Jaeger source analysis--peering distributed system implementation

Source: Internet
Author: User
Tags cassandra compact
This is a creation in Article, where the information may have evolved or changed.

Original address: Jaeger Source analysis--Peep Distributed system implementation

Objective

Analysis Jaeger source code mainly for the following reasons:

    • The company is using Jaeger, through the understanding of its source code, you can better control the system.
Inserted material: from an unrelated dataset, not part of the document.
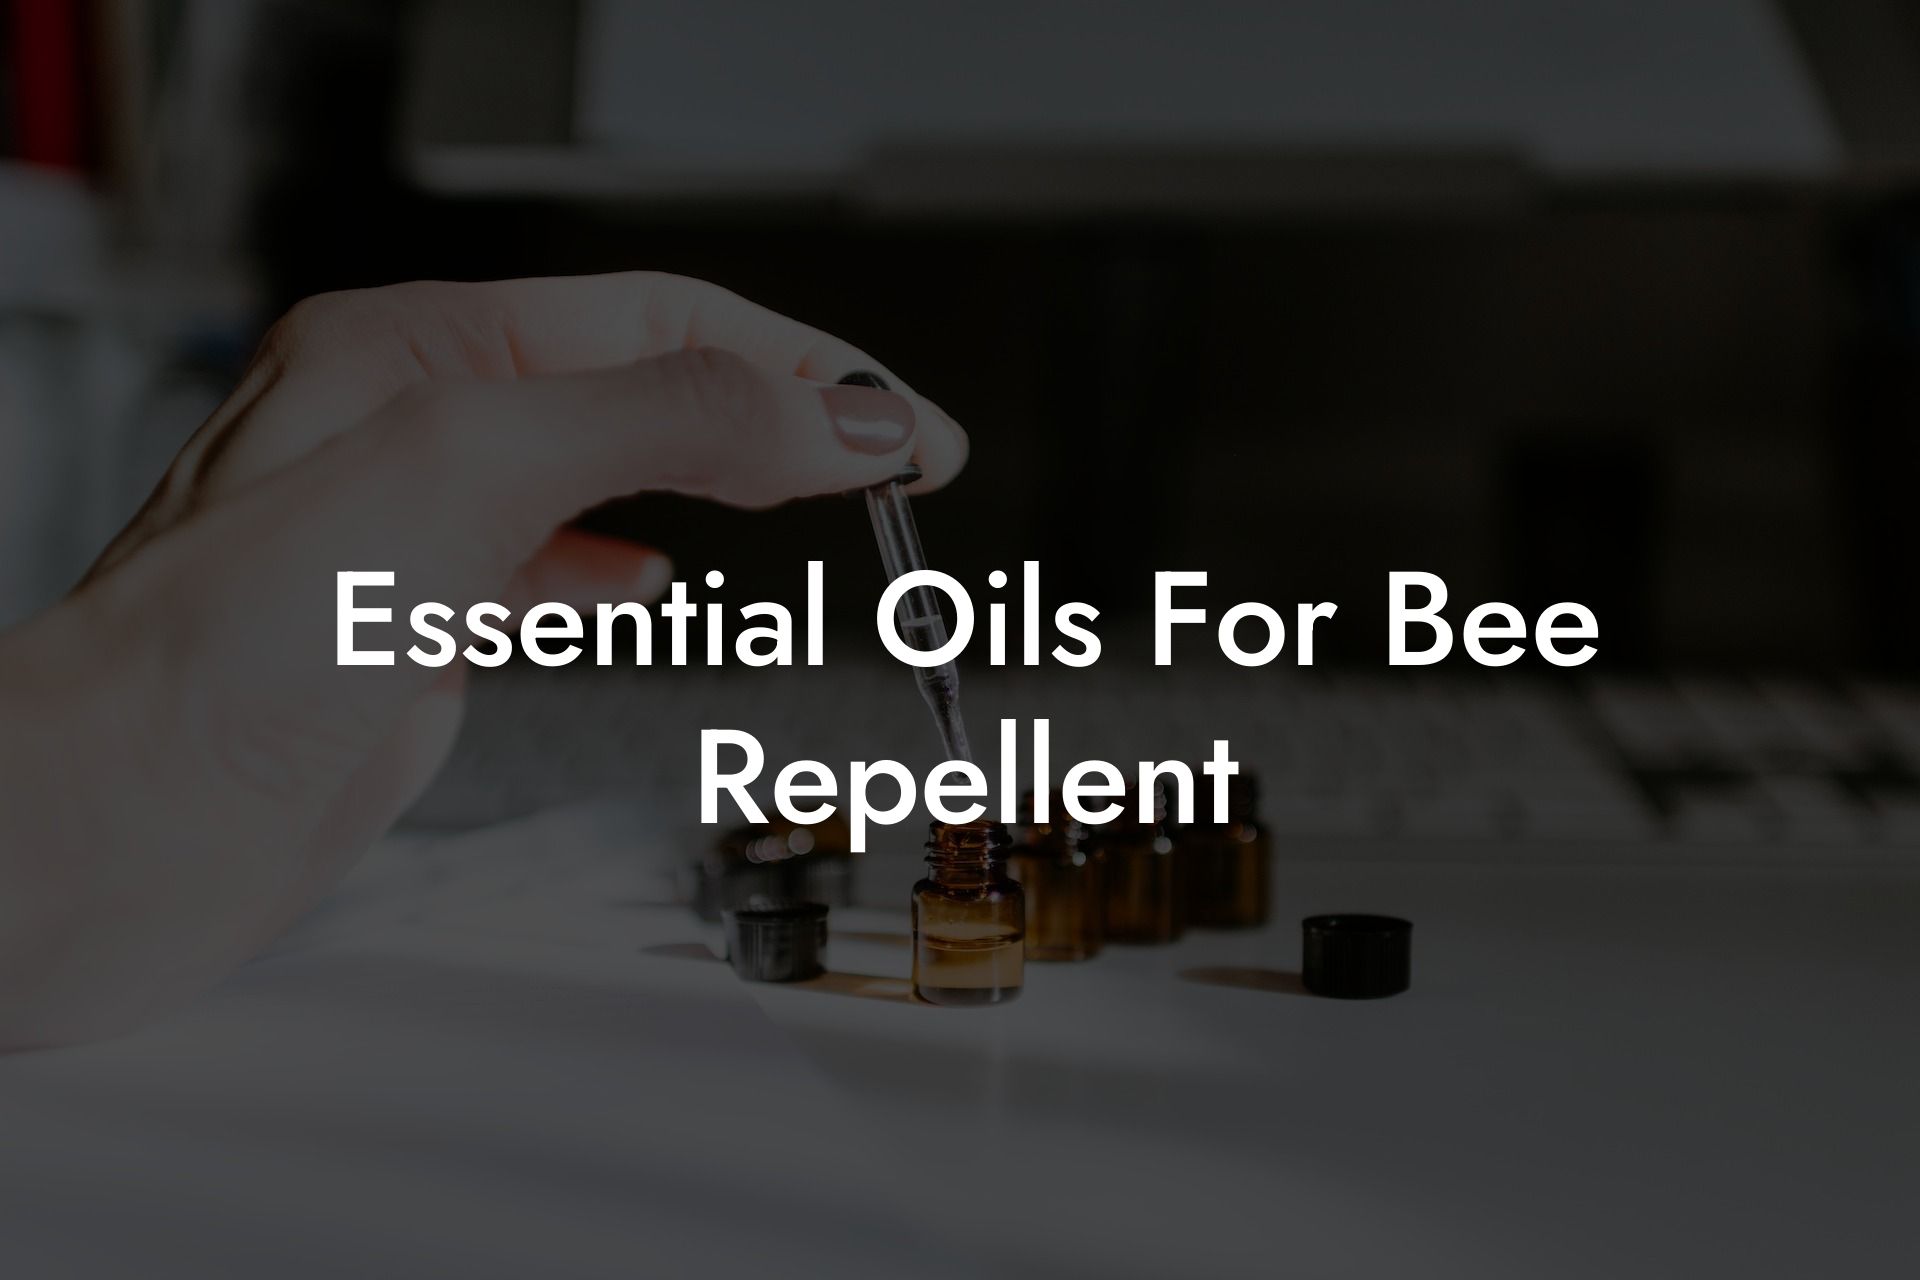 Essential Oils For Bee Repellent

    • Understanding the design of distributed systems

    • Improve the understanding of Golang

    • Improve your English

The analyzed version is the latest version of 0.10.0, time 2017-11-23

Agent--3

Agnet is in between Jaeger-client and collector, belonging to the role of agents, mainly the data sent by the client from thrift to batch, and through the RPC batch submitted to collector.

Initialize Agent

Github.com/jaegertracing/jaeger/cmd/agent/app/flags.go #35

var defaultProcessors = []struct {    model    model    protocol protocol    hostPort string}{    {model: "zipkin", protocol: "compact", hostPort: ":5775"},    {model: "jaeger", protocol: "compact", hostPort: ":6831"},    {model: "jaeger", protocol: "binary", hostPort: ":6832"},}
    • 3 UDP services initialized when agent is turned on

    • Each service corresponds to a different data format

    • 6831 ports are officially recommended to receive data

Receive data from Jaeger-client

Github.com/jaegertracing/jaeger/cmd/agent/app/servers/tbuffered_server.go #80

func (s *TBufferedServer) Serve() {    atomic.StoreUint32(&s.serving, 1)    for s.IsServing() {        readBuf := s.readBufPool.Get().(*ReadBuf)        n, err := s.transport.Read(readBuf.bytes)        if err == nil {            readBuf.n = n            s.metrics.PacketSize.Update(int64(n))            select {            case s.dataChan <- readBuf:                s.metrics.PacketsProcessed.Inc(1)                s.updateQueueSize(1)            default:               //这里需要注意,如果写比处理快,agent将会扔掉超出的部分数据               s.metrics.PacketsDropped.Inc(1)            }        } else {            s.metrics.ReadError.Inc(1)        }    }}

Each UDP server has its own separate queue and worker, each queue (the default length of 1000) will have 50 (co-formed) worker consumption queue data, and can adjust the queue and worker size according to the system load.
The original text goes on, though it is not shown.